[Input data]:
______________________________

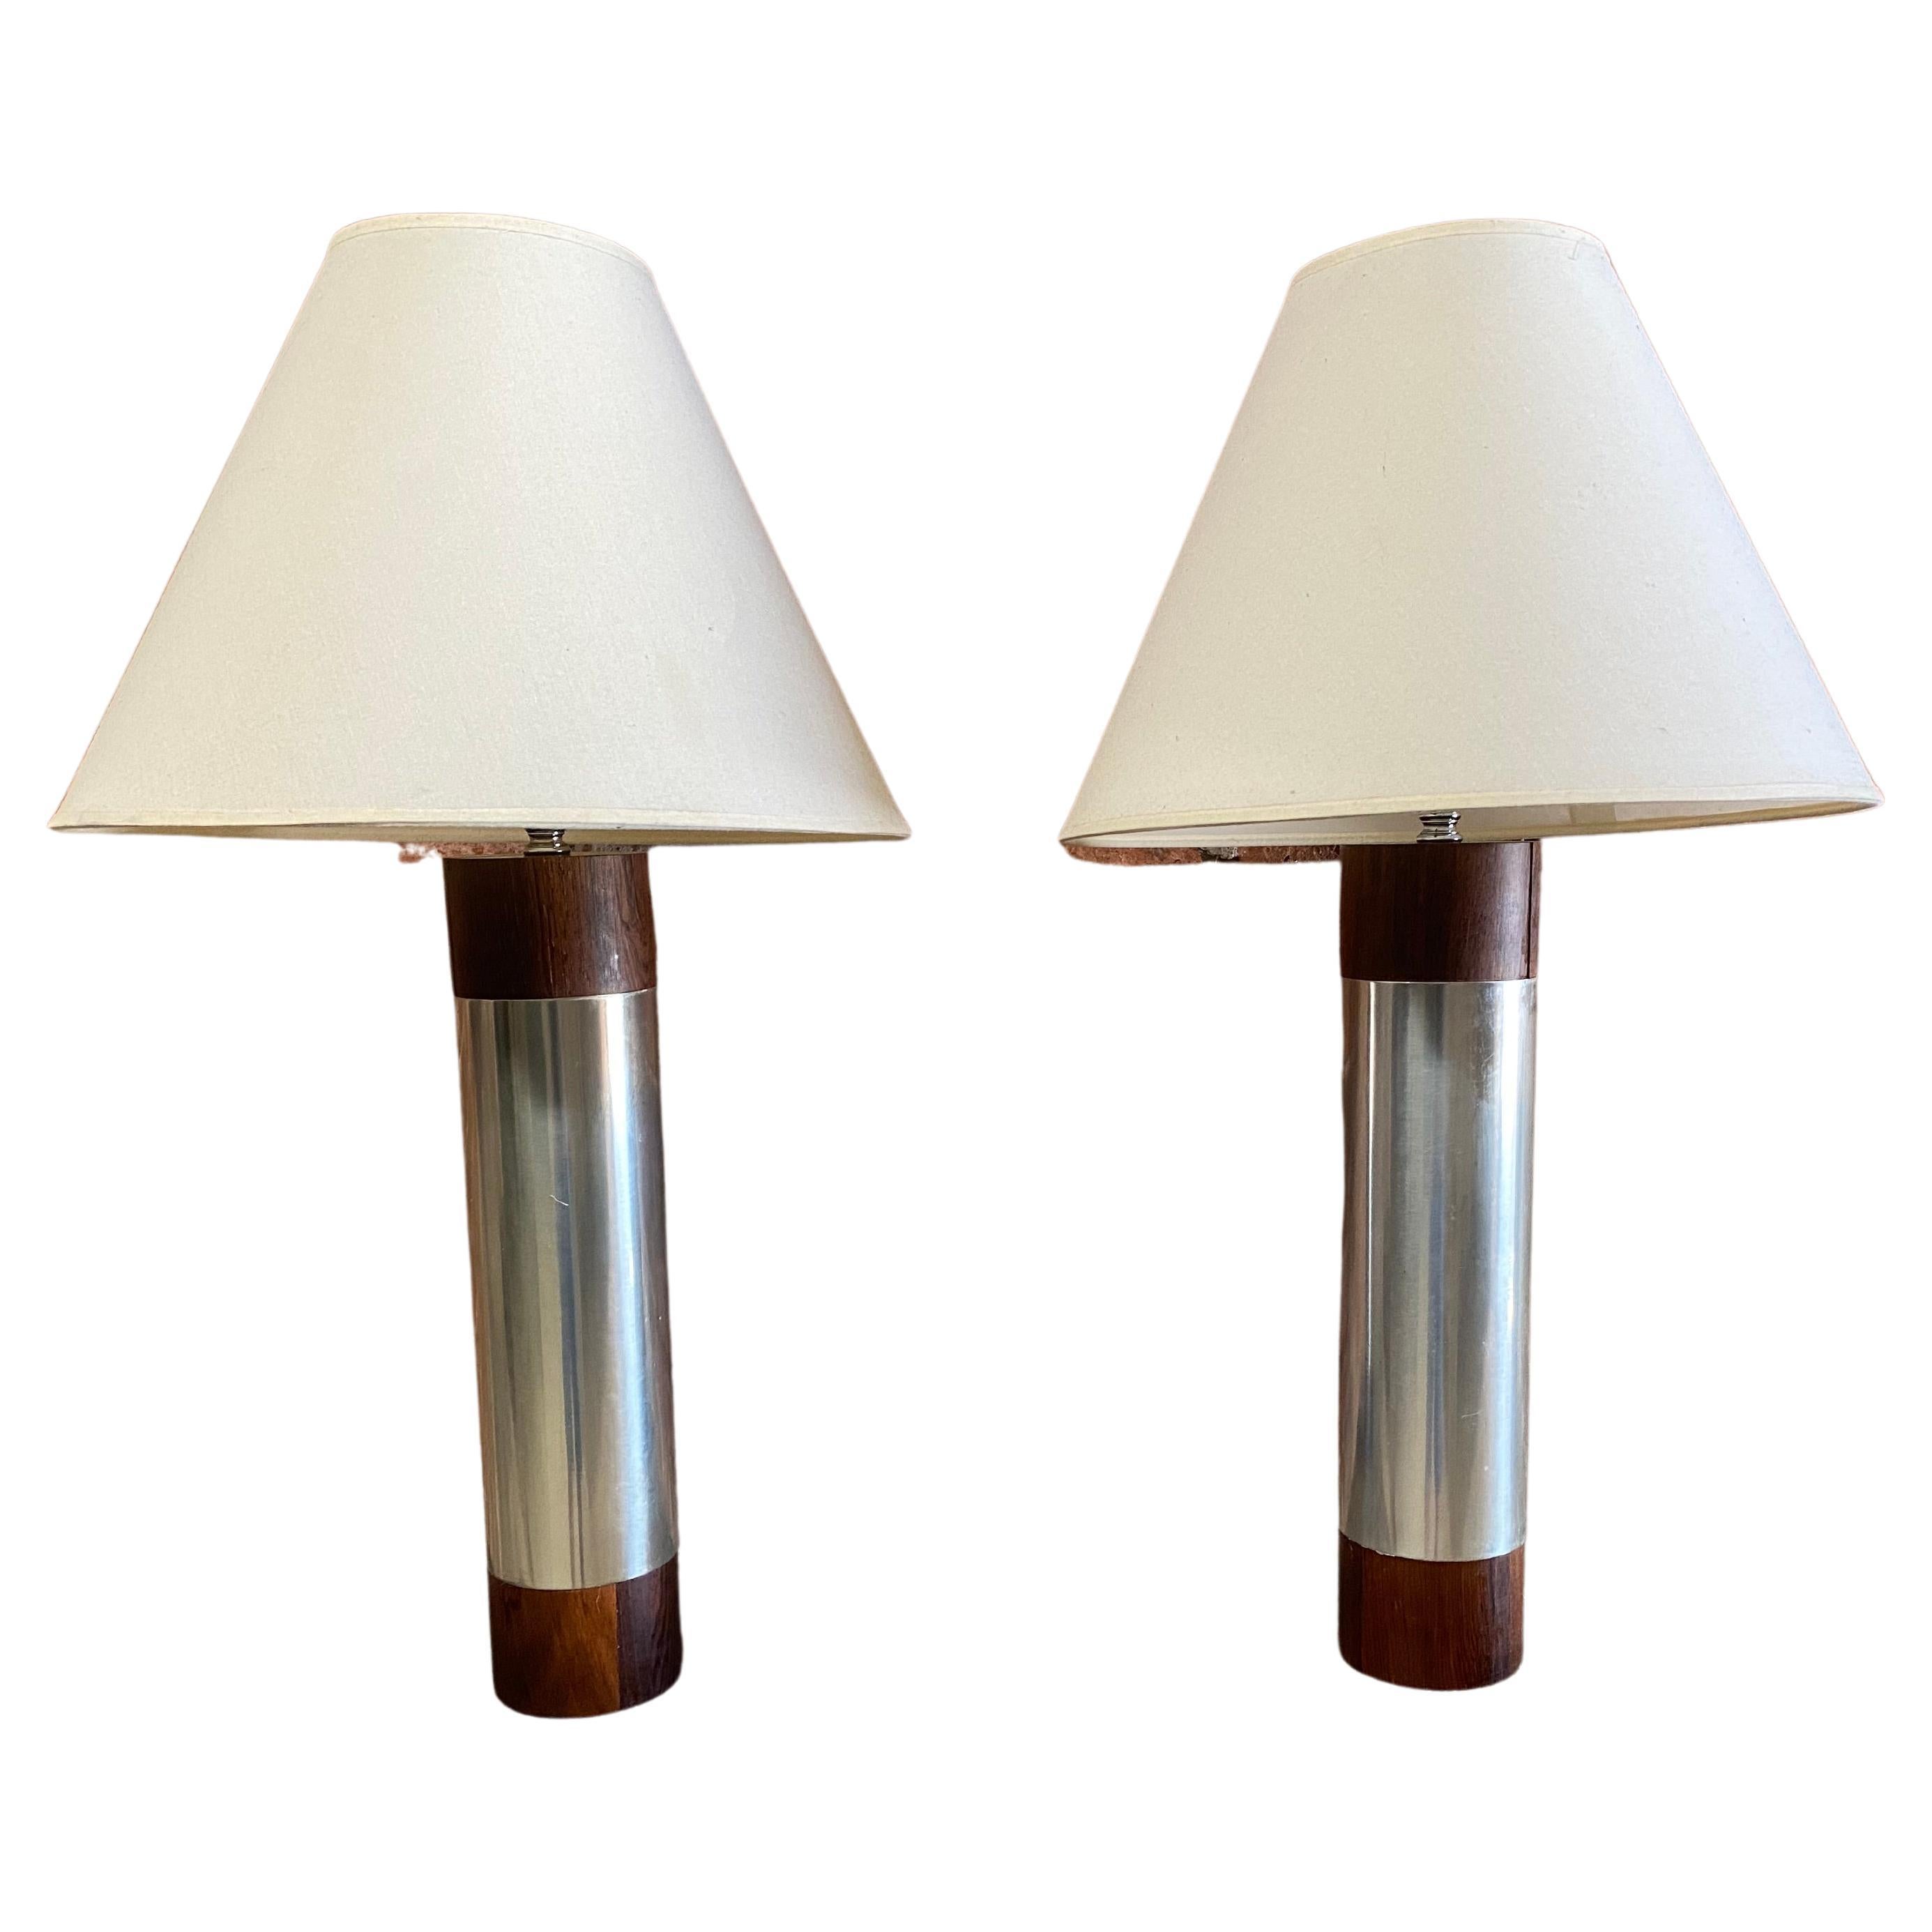 A fantastic pair of polished cylindrical aluminum and rosewood capped table lamps. Sleek and elegant design. Nicely figure rosewood grain complemented by the simple clean lines of the aluminum. They have a wonderful presence and will go just about
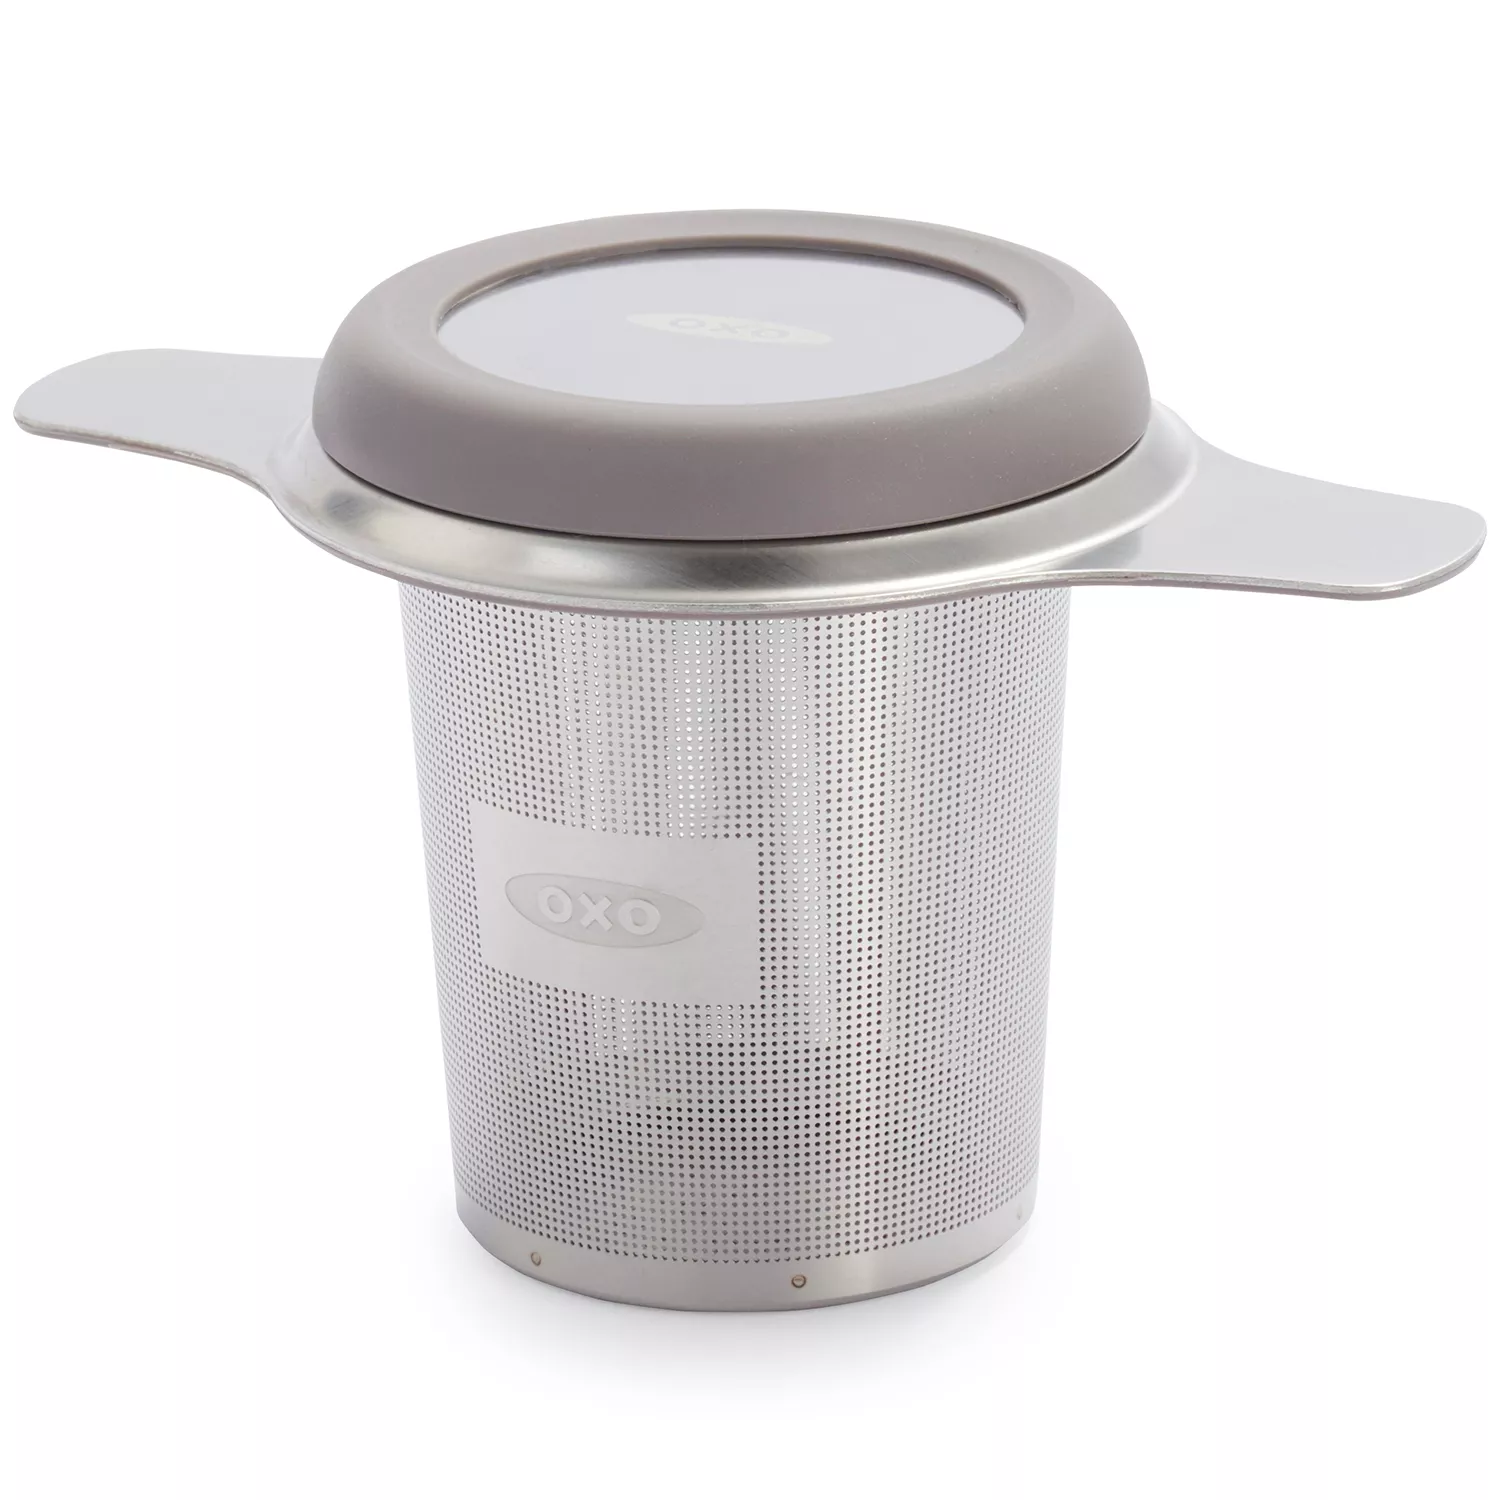 Apace Loose Leaf Tea Infuser (Set of 2) with Tea Scoop and Drip Tray - Ultra Fine Stainless Steel Strainer & Steeper
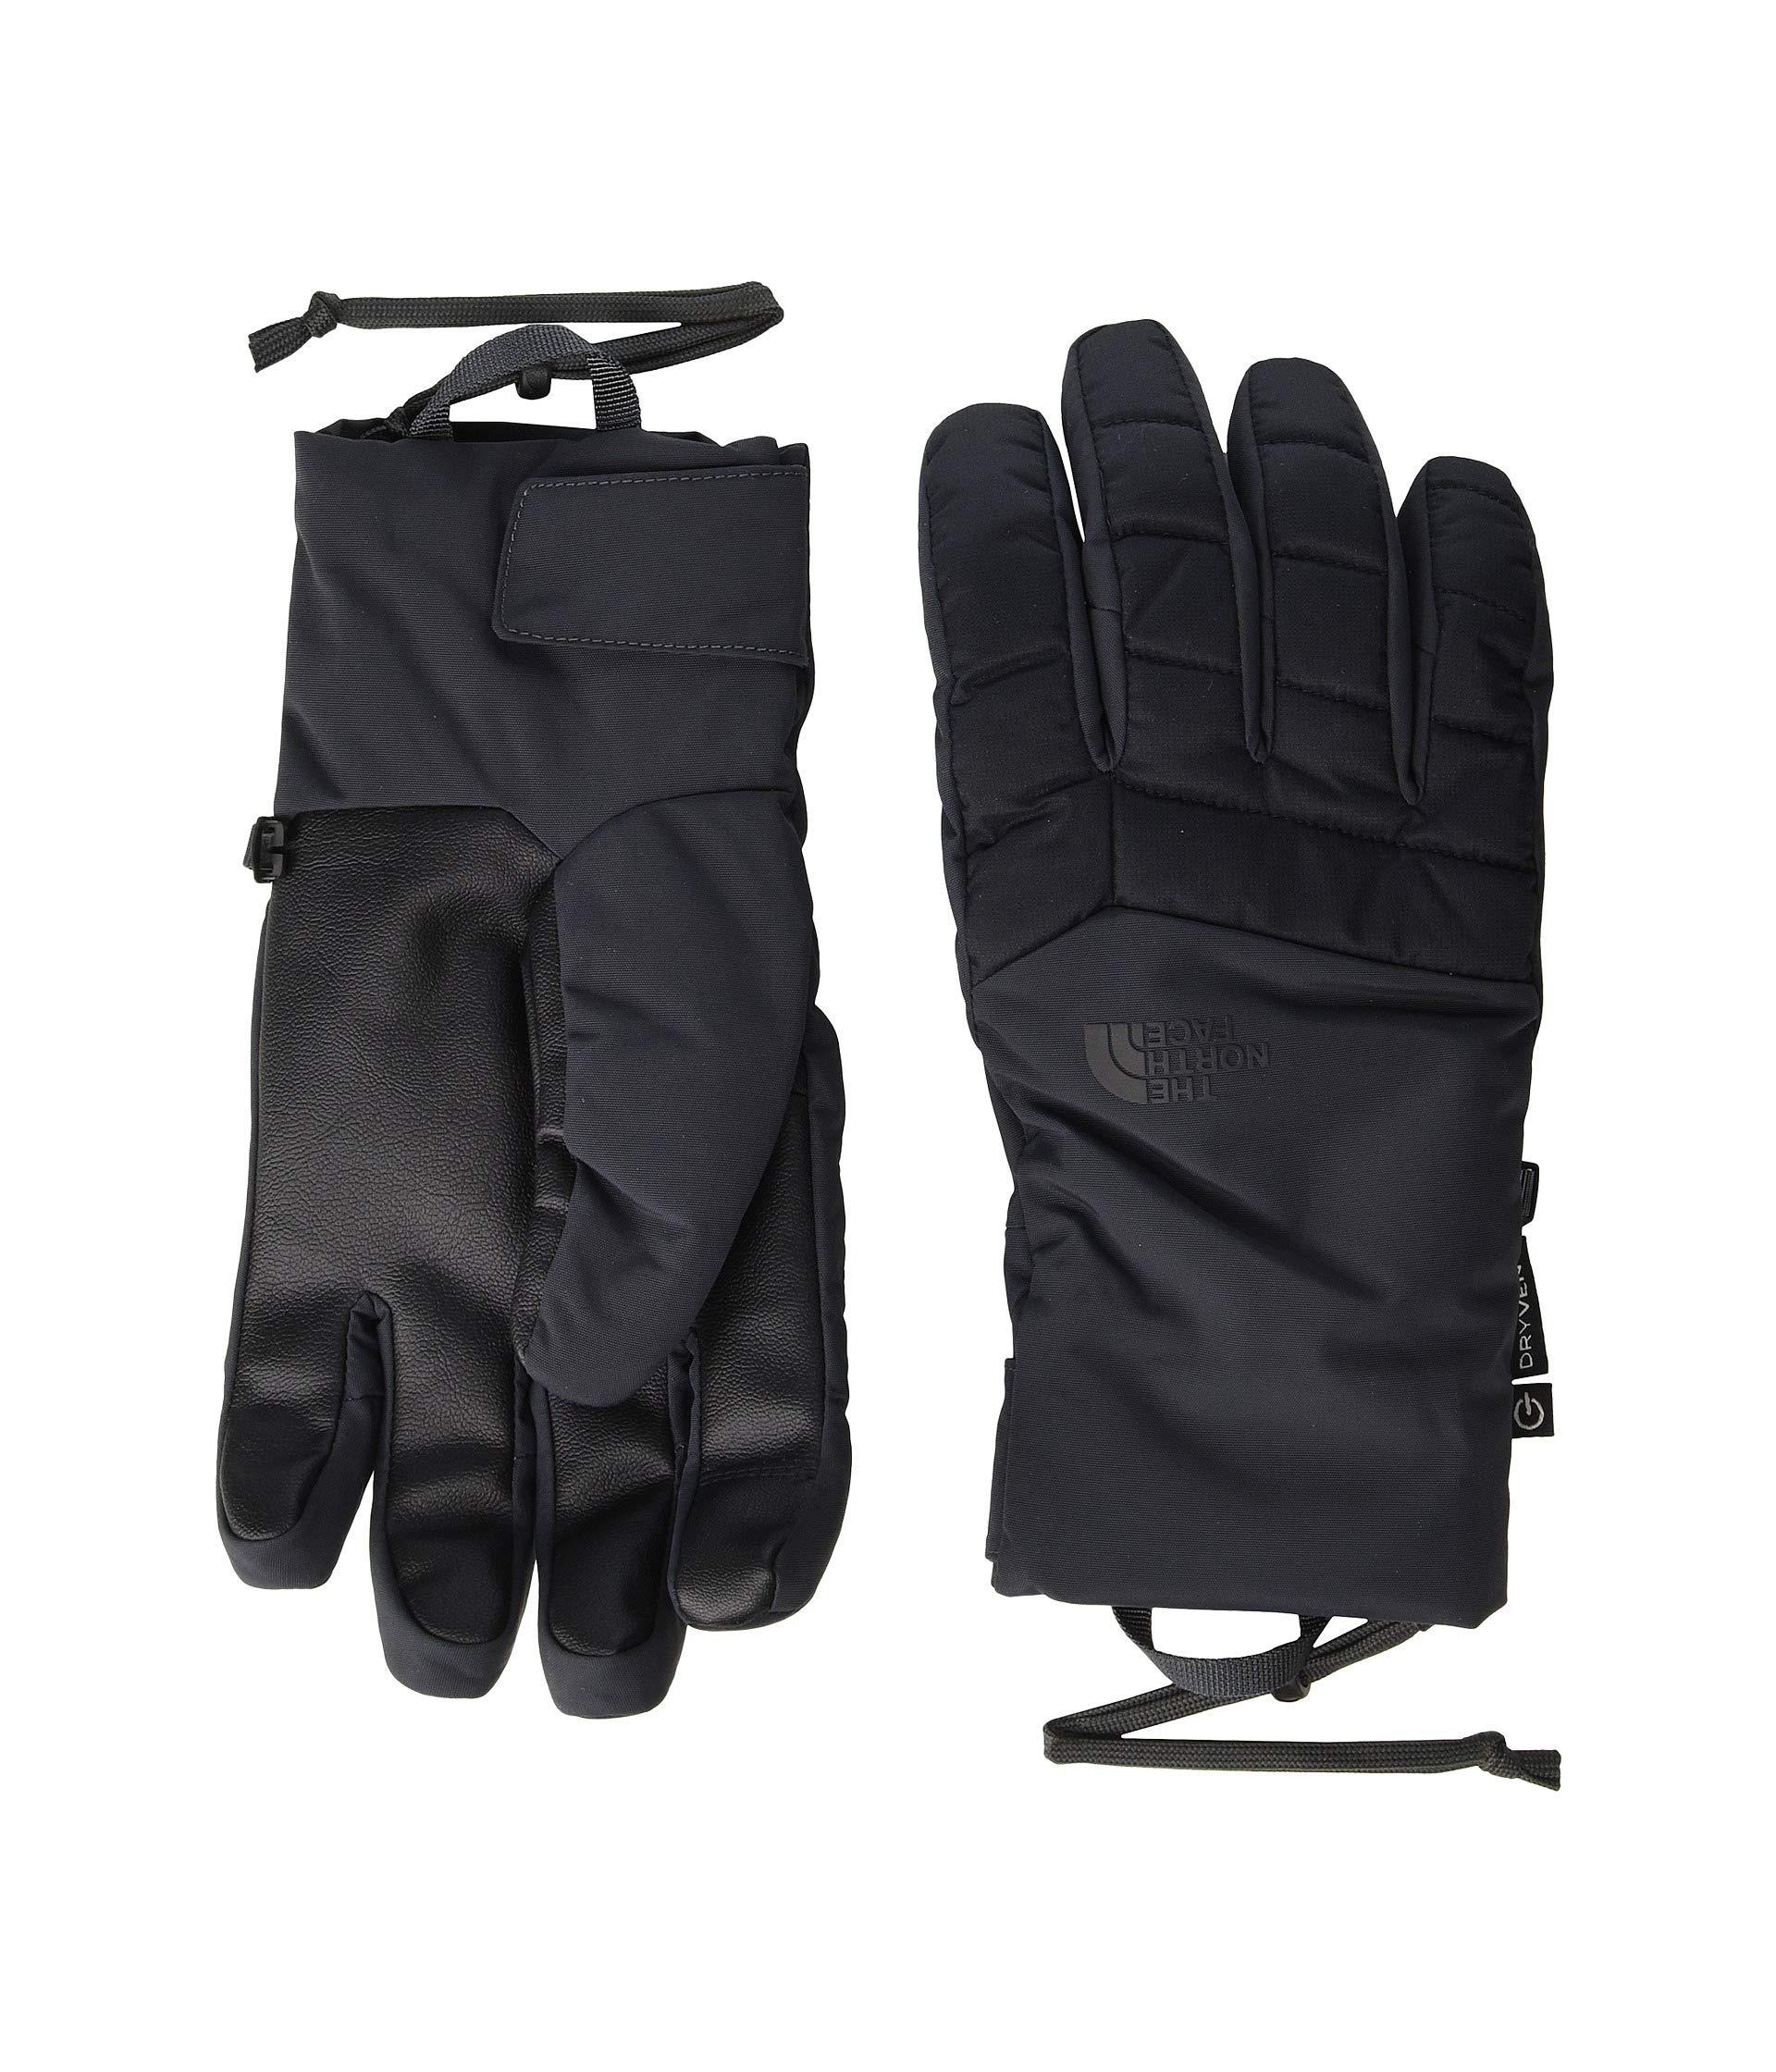 north face cold weather gloves

______________________________

[Aim of the exercise]: Please give the data above again in exact form and omit every picture.

[Exercise output]:
 A fantastic pair of polished cylindrical aluminum and rosewood capped table lamps. Sleek and elegant design. Nicely figure rosewood grain complemented by the simple clean lines of the aluminum. They have a wonderful presence and will go just about
 Apace Loose Leaf Tea Infuser (Set of 2) with Tea Scoop and Drip Tray - Ultra Fine Stainless Steel Strainer & Steeper
 north face cold weather gloves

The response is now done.